# best way to finish maple and walnut desk top?



## Brett K (Jan 18, 2012)

I will be building a desk top made from either 3/4 maple plywood with walnut edges or 3/4 walnut with maple edges. How would you approach finishing this to yield the best look from each species? I prefer a satin gloss and I do not have the facilities to spray the finish.


----------



## jlord (Nov 16, 2009)

I prefer to use a coat of sanding sealer first. After it dries lightly sand with 320. You can use a water base satin topcoat to finish it off. I would do a couple of coats sanding with the 320 in between coats. If you use a oil base topcoat it will give a warmer color than the water base top coats.


----------



## bobj3 (Jan 17, 2006)

Hi Brett

Check out the video below

InTheWorkshop's Channel - YouTube

===



Brett K said:


> I will be building a desk top made from either 3/4 maple plywood with walnut edges or 3/4 walnut with maple edges. How would you approach finishing this to yield the best look from each species? I prefer a satin gloss and I do not have the facilities to spray the finish.


----------



## Brett K (Jan 18, 2012)

Thanks to both of you! I don't plan on staining the wood. I have read about using BLO and wasn't sure if it would be helpful for both the maple and walnut prior to clearing.
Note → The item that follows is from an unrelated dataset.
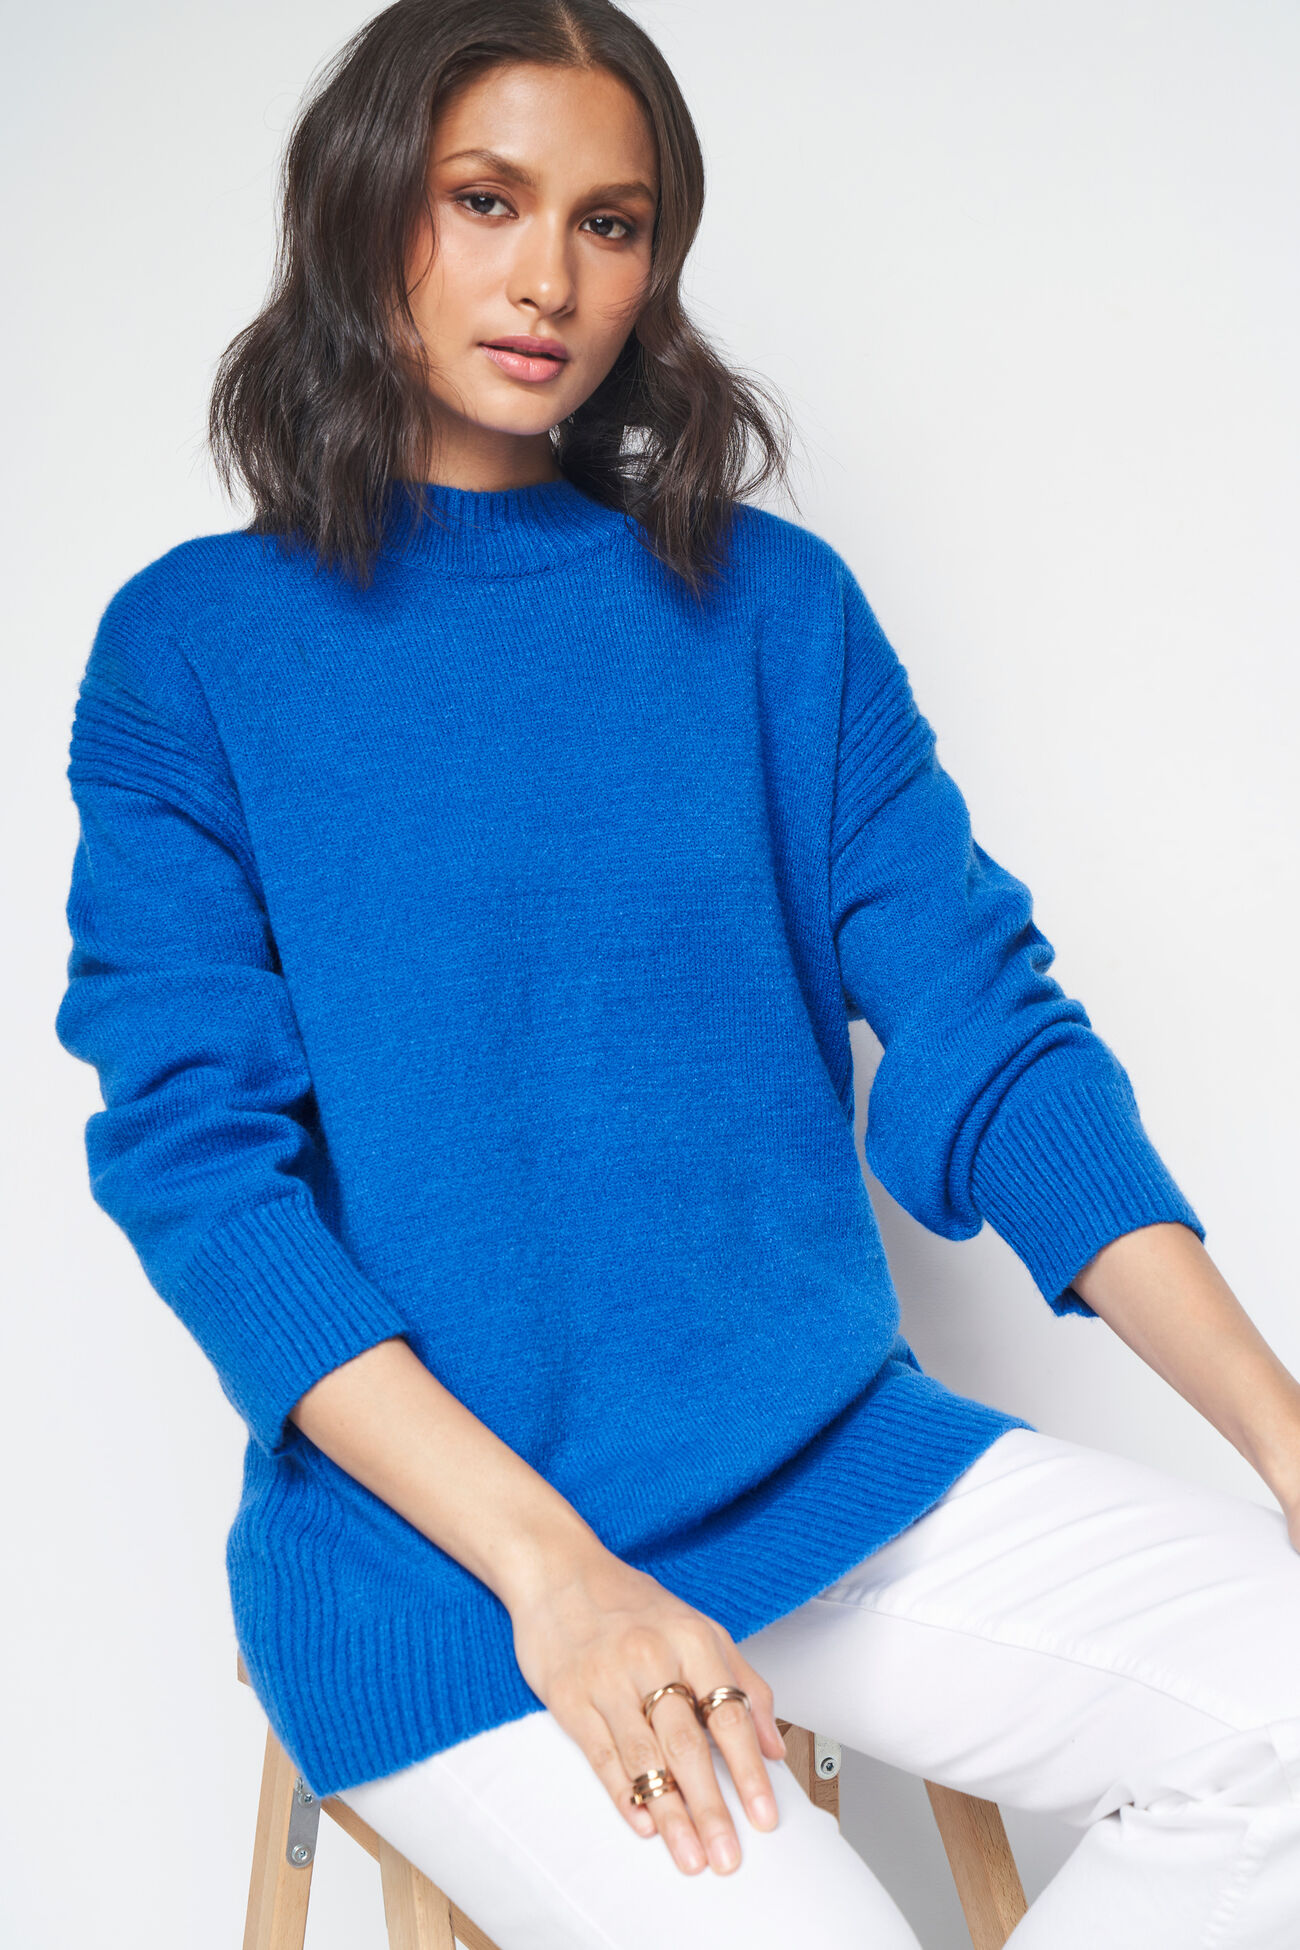 Aspen Over-Sized Sweater, Blue, image 3

Thoughts?


----------



## jlord (Nov 16, 2009)

For me I don't use it.


----------



## cgreene (Nov 7, 2009)

I have made some clocks with curly maple and walnut that I used BLO on then coated with spray can lacquer. BLO really makes the grain on both these woods pop. My suggestion is to take a couple of scraps or cut offs from the boards and put some BLO on them and see if you like it. If the maple is blond and you wish to keep it as blond as possible, use very light coats. Too heavy and the maple will take on an amberish antique look. You can either use just the BLO and have an oil finish or top coat the BLO (once dry) with lacquer or varnish. Good luck.


----------